When Homer is only reported that Kinyras on the rumor of an impending campaign of the Greeks against Troy toward Agamemnon is a breastplate as a gift, which this contributes in the fight.

With Pindar Kinyras was a favorite of Apollo and a priest of Aphrodite. After the library of Apollodorus , Kinyras came from Kelenderis in Cilicia . He sailed with his faithful to Cyprus and founded the city of Paphos there . He promised a Greek embassy consisting of Menelaus , Odysseus and Talthybios to provide 50 ships for the war against Troy , but sent only one and formed the other 49 and their crew out of clay, thus fulfilling the wording, if not the meaning of his oath . His wife was Metharme , the daughter of King Pygmalion . Their children were Oxyporus , Adonis, Orsedike , Laogore and Braesia . The daughters incurred the wrath of Aphrodite, became involved with foreigners, and ended their lives in Egypt.

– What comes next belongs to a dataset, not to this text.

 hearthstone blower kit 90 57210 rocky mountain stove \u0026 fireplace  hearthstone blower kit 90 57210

According to Strabo , Kinyras had a palace in Byblos . Eusthatios reports in his Homer Commentary that Kinyras was the son of Theias , a wealthy Cypriot king who provided the Danes with food and promised them to deliver Victualia to Troy . When he failed to do so, he was cursed by Agamemnon . He challenged Apollo to a singing contest, which he, like Marsyas , did not survive. His fifty daughters threw themselves into the sea and became kingfishers .

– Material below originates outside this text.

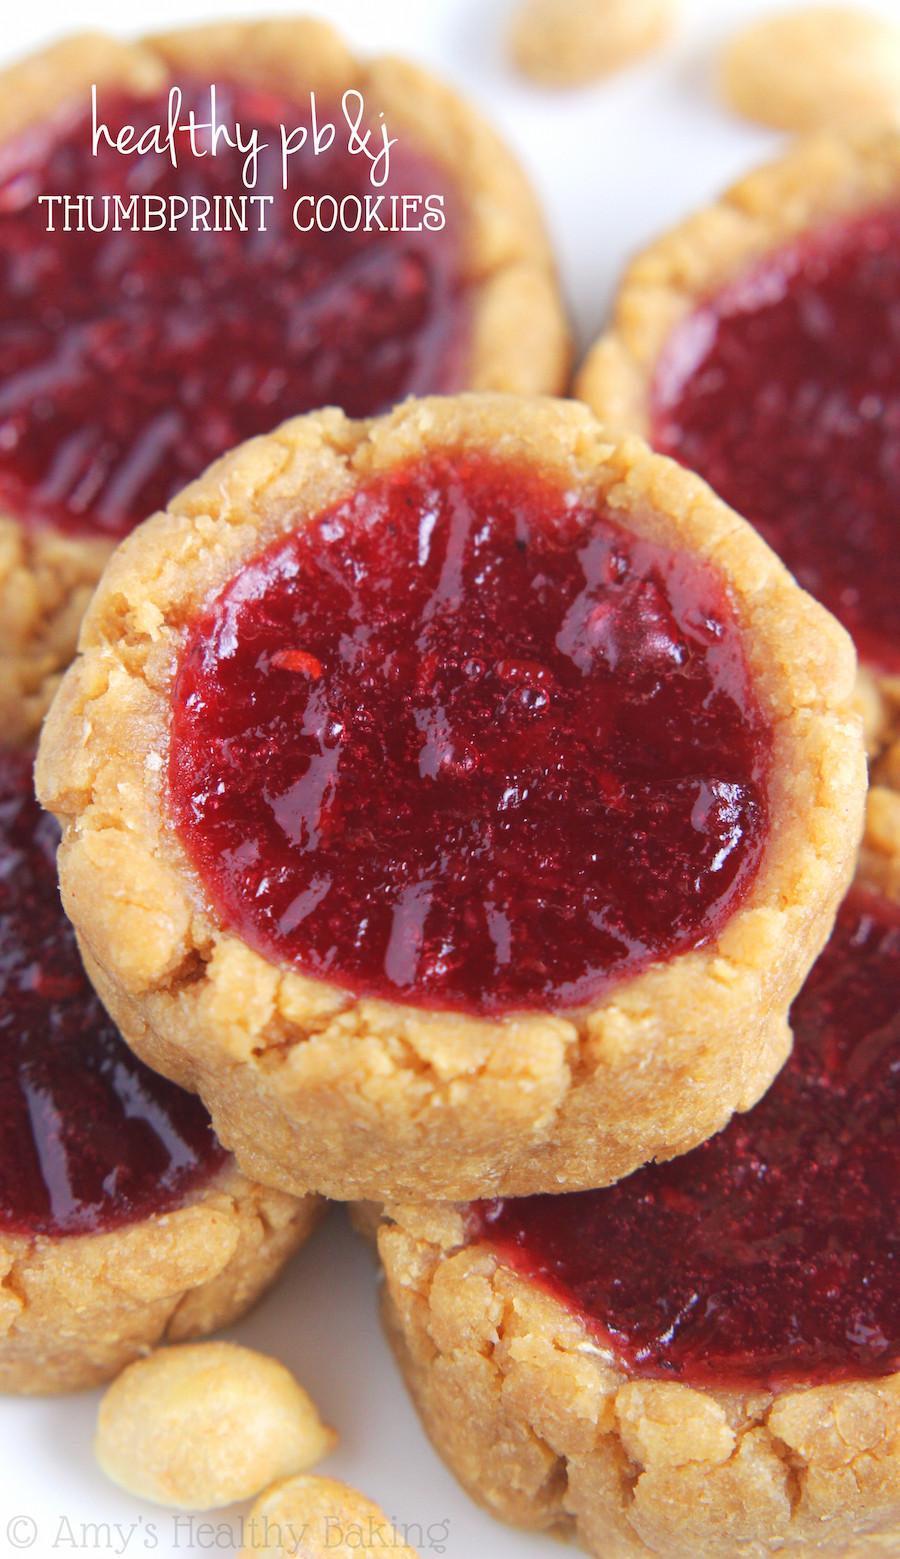 Healthy Thumbprint Cookies  Peanut Butter & Jam Thumbprint Cookies

According to Pliny , Kinyras was the inventor of ceramics, ore mining, tongs, levers and the anvil.

role models

According to John Pairman Brown , Kinyras is to be equated with the Aramaic Kuthar and the Ugaritic Kothar , the divine blacksmith . This equation is found in a text by Melito von Sardis , an early apologist from the 2nd century, and is confirmed by Pliny.

swell

literature

  • John Pairman Brown : Kothar, Kinyras, and Kythereia. In: Journal of Semitic Studies. 10, 1965, ISSN  0022-4480 , pp. 197-219.
  • Mitchell J. Dahood: Ancient Semitic Deities in Syria and Palestine. In: Sabatino Moscati (ed.): Le antiche divinita semitici. = Les divinités sémitiques anciennes. = Ancient Semitic dieties. Centro di studi semitici, Rome 1958, pp. 81-83 ( Studi semitici 1, ZDB -ID 131080-x ).

Web links

Commons : Kinyras  - collection of images, videos and audio files

Remarks

  1. Ovid, Metamorphoses 10.298
  2. ^ Ovid, Metamorphoses 6.98.
  3. Ovid, Metamorphoses 10.380-502.
  4. ^ Ovid, Metamorphoses 10, 522.
  5. Homer, Iliad XI, 19-22
  6. Pindar, Pythien 2: 15-17.
  7. ^ Libraries of Apollodorus 3, 183.
  8. ^ Libraries of Apollodorus , Epitome 3, 9.
  9. ^ Strabo, Geography 16, 2, 18.
  10. Pliny, Naturalis historia 7, 195.